5

I just randomly got this strange error via Rails 3, on heroku (postgres)

PGError: ERROR: invalid byte sequence for encoding "UTF8": 0x85 HINT: This error can also happen if the byte sequence does not match the encoding expected by the server, which is controlled by "client_encoding". : INSERT INTO "comments" ("content") VALUES ('BTW∑I re-listened to the video' ......

The hint while nice isn't making anything click for me. Can I set encoding somewhere? Should I even mess with that? Anyone seen this and/or have any ideas on how to deal with this type of issue?

Thank you

AnApprentice
  • 108,152
  • 195
  • 629
  • 1,012

2 Answers2

6

From what I can gather, this is a problem where the string you're trying to insert into your PostgrSQL server isn't encoded with UTF-8. This is somewhat odd, because your Rails app should be configured to use UTF-8 by default.

There are a couple of ways you can try fix this (in order of what I recommend):

  • Firstly, make sure that config.encoding is set to "utf-8" in config/application.rb.

  • If you're using Ruby 1.9, you can try to force the character encoding prior to insertion with toutf8.

  • You can figure out what your string is encoded with, and manually set SET CLIENT_ENCODING TO 'ISO-8859-1'; (or whatever the encoding is) on your PostgeSQL connection before inserting the string. Don't forget to do RESET CLIENT_ENCODING; after the statement to reset the encoding.
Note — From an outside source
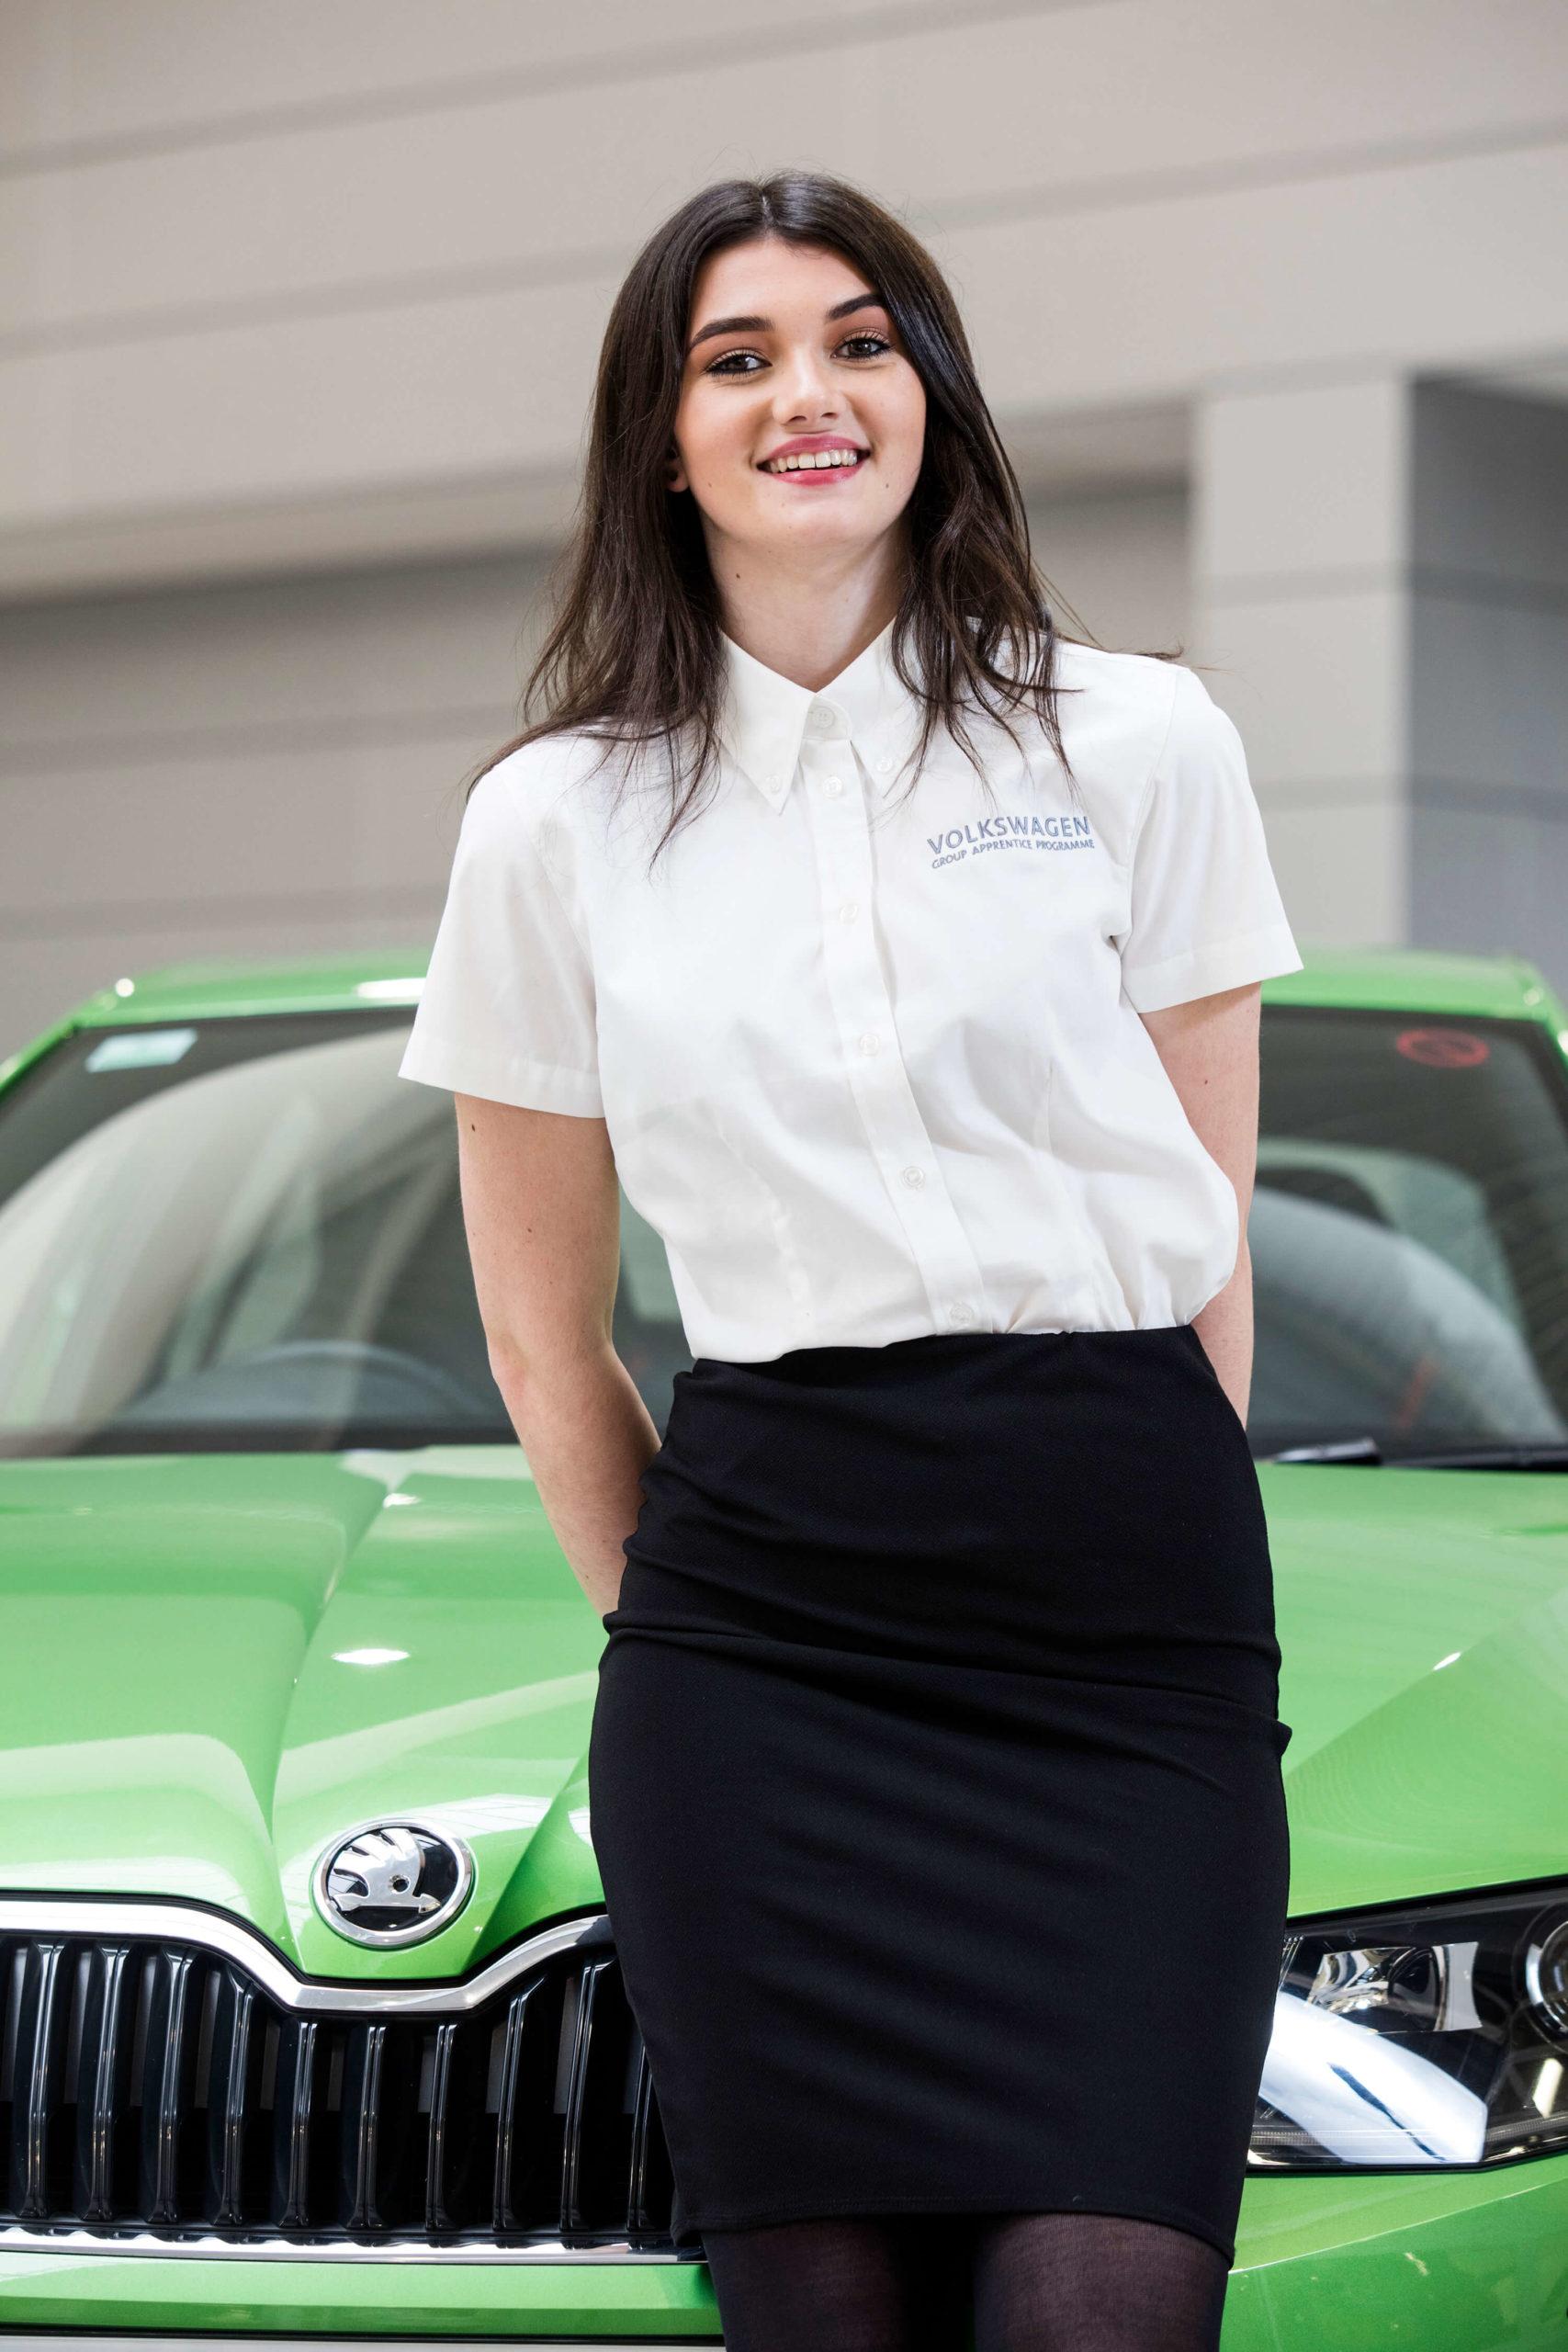 Volkswagen Group Apprentice Programme

  • If you're using Ruby 1.8 (which is more likely), you can use the iconv library to convert the string to UTF-8. See documentation here.
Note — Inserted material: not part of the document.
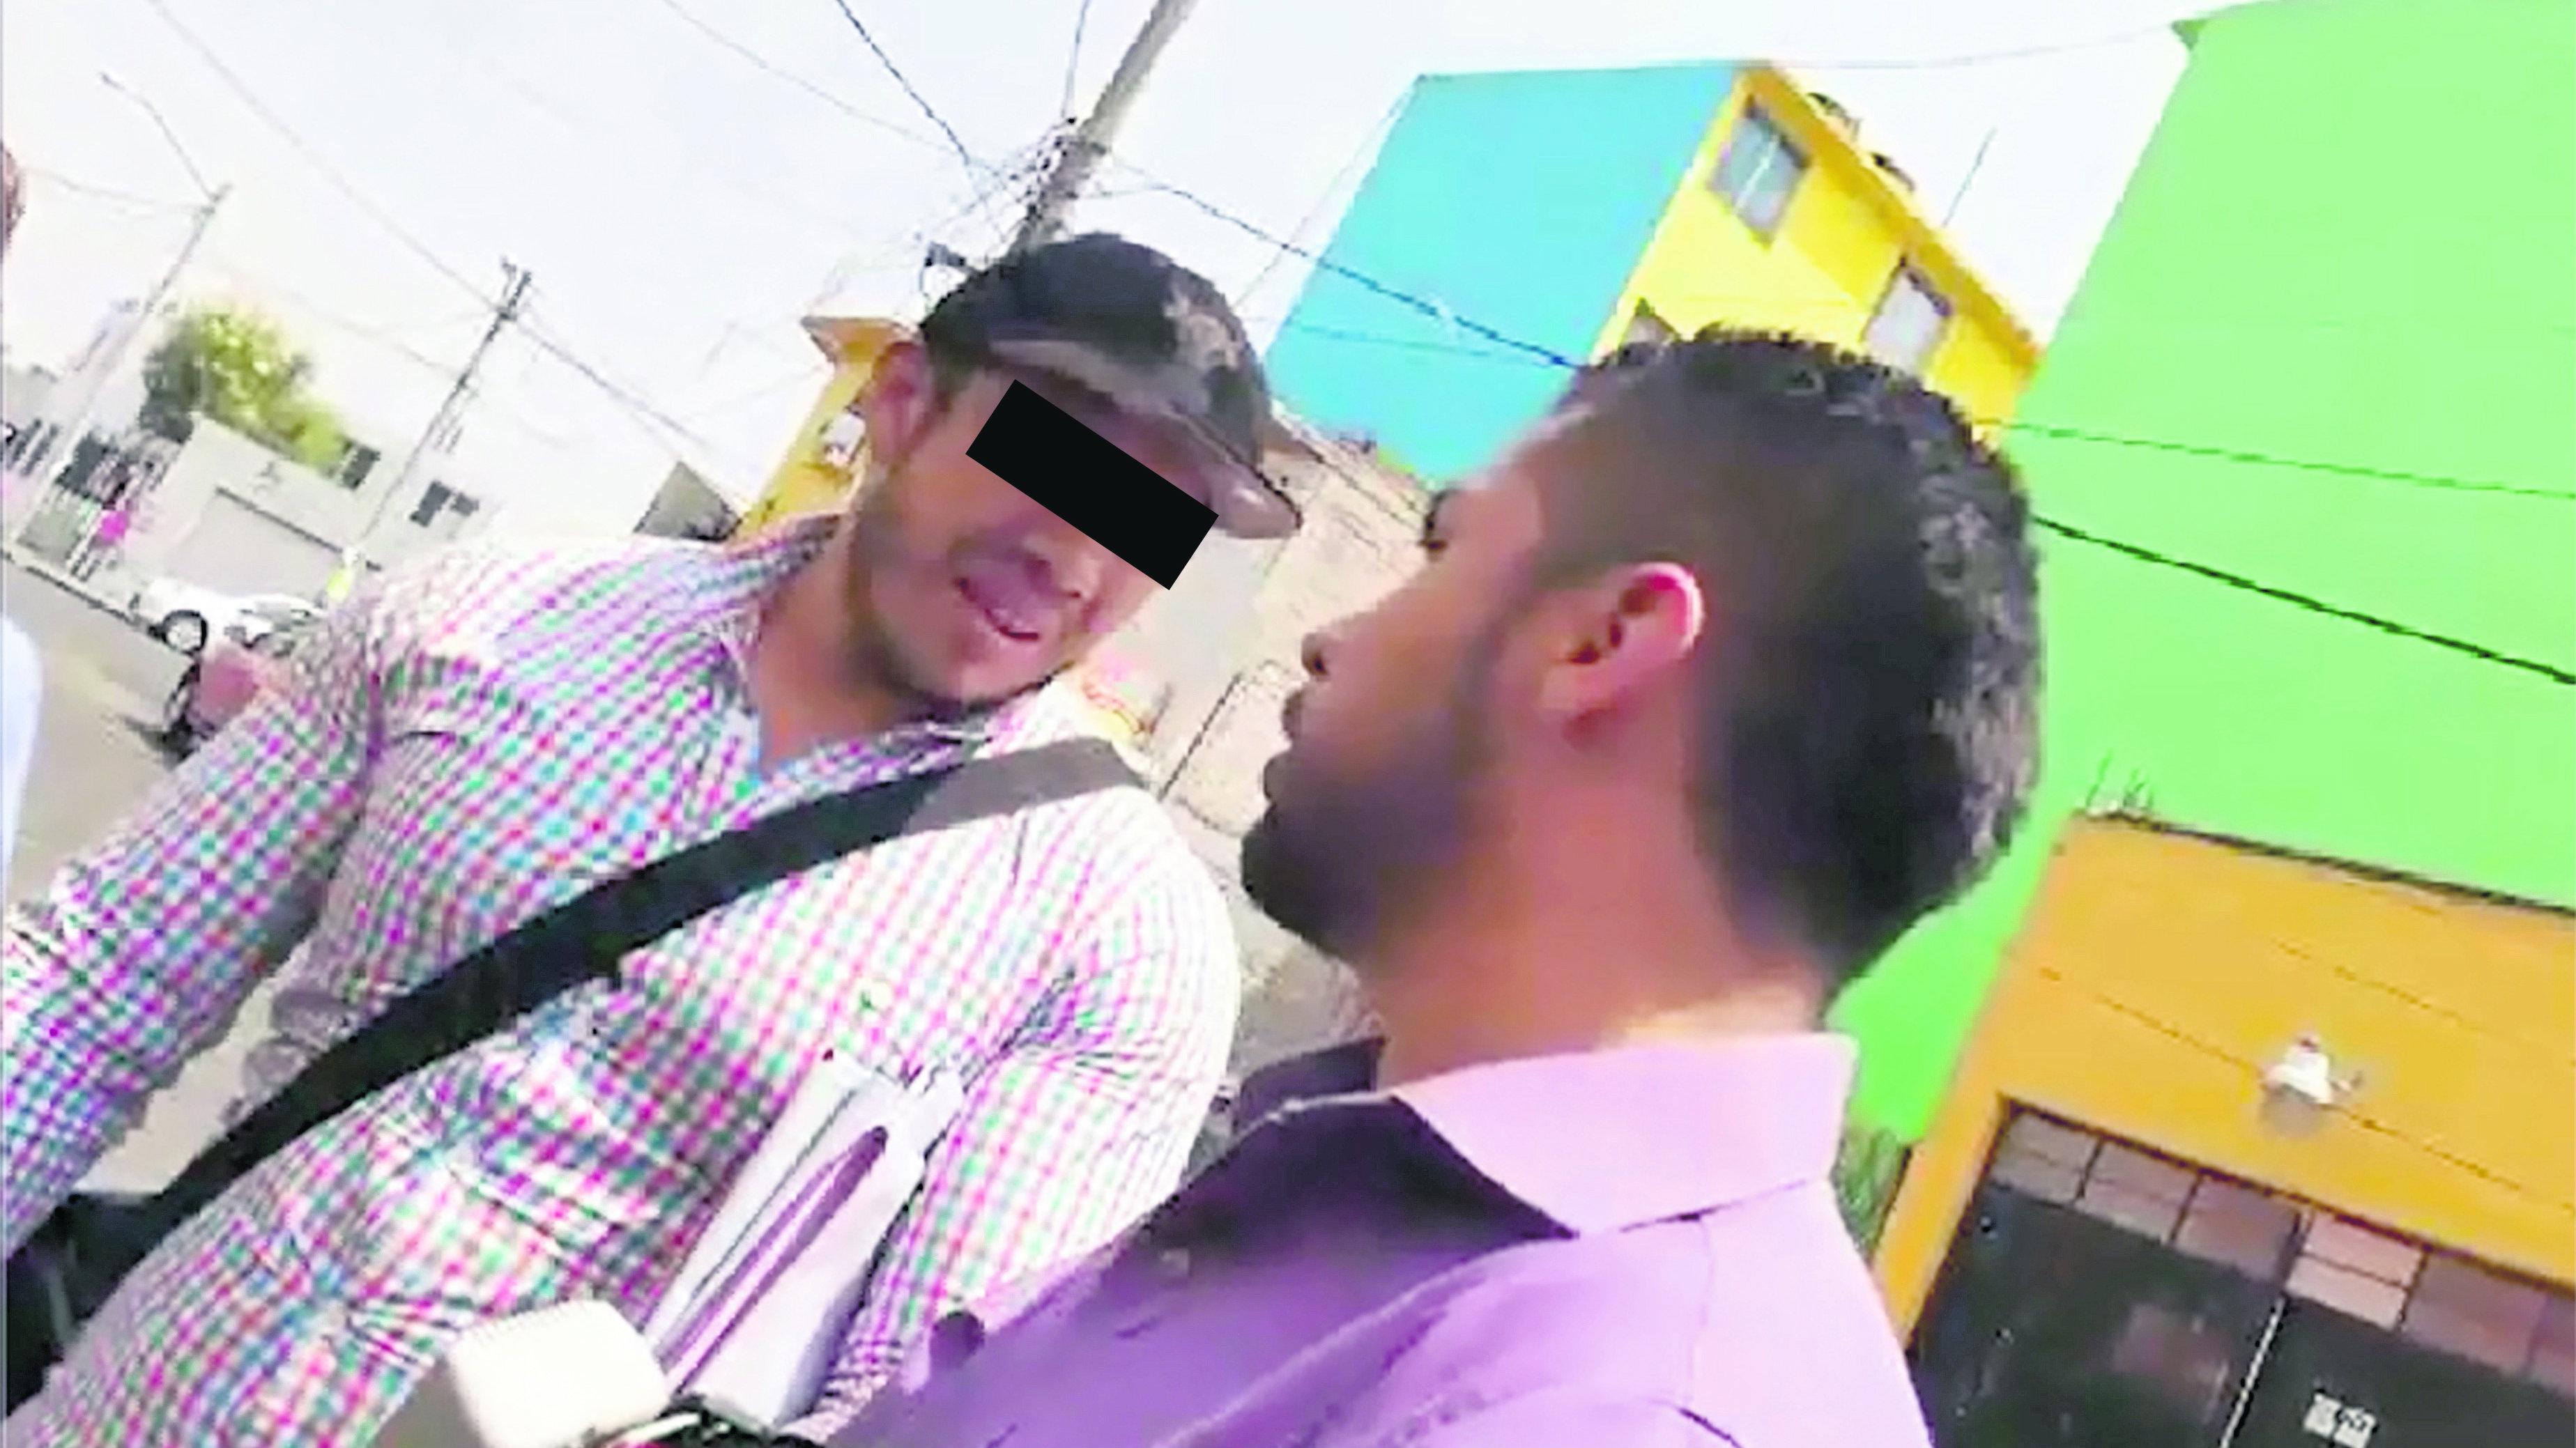 criminales sindicatos extorsionan ciudad de mexico

  • A more hackish solution is to override your getters and setters in the model (i.e. content and content=) encode and decode your string with Base64. It'd look something like this:

 

require 'base64'

class Comment
  def content
    Base64::decode64(self[:content])
  end

  def content=(value)
    self[:content] = Base64::encode64(value)
  end
end
vonconrad
  • 25,227
  • 7
  • 68
  • 69
  • Thank you vonconrad, you're a life saver. I do have config.ecoding set correctly. Though maybe Heroku is changing something on deployment. If I go with the iconv solution, which seems like the smartest choice from your comment, any seen issues when moving up to Ruby 1.9? Also the doc is pretty empty for iconv and I'm a newbie, any way to see an example? thanks! – AnApprentice Jan 20 '11 at 03:02
  • 3
    I believe `iconv` should work for both 1.8 and 1.9. As for the code, something like this should work: `content = ::Iconv.conv('UTF-8//IGNORE', 'UTF-8', content + ' ')[0..-2]`. Basically, this forces the encoding to be UTF-8, no matter what it was originally. I got the code from here: http://stackoverflow.com/questions/4583924/string-force-encoding-in-ruby-1-8-7-or-rails-2-x/4585362#4585362 – vonconrad Jan 20 '11 at 03:19
0

text.force_encoding(charset).encode("UTF-8")

http://blog.zenlike.me/2013/04/06/sendgrid-parse-incoming-email-encoding-errors-for-rails-apps-using-postgresql/

Renars Sirotins
  • 176
  • 3
  • 5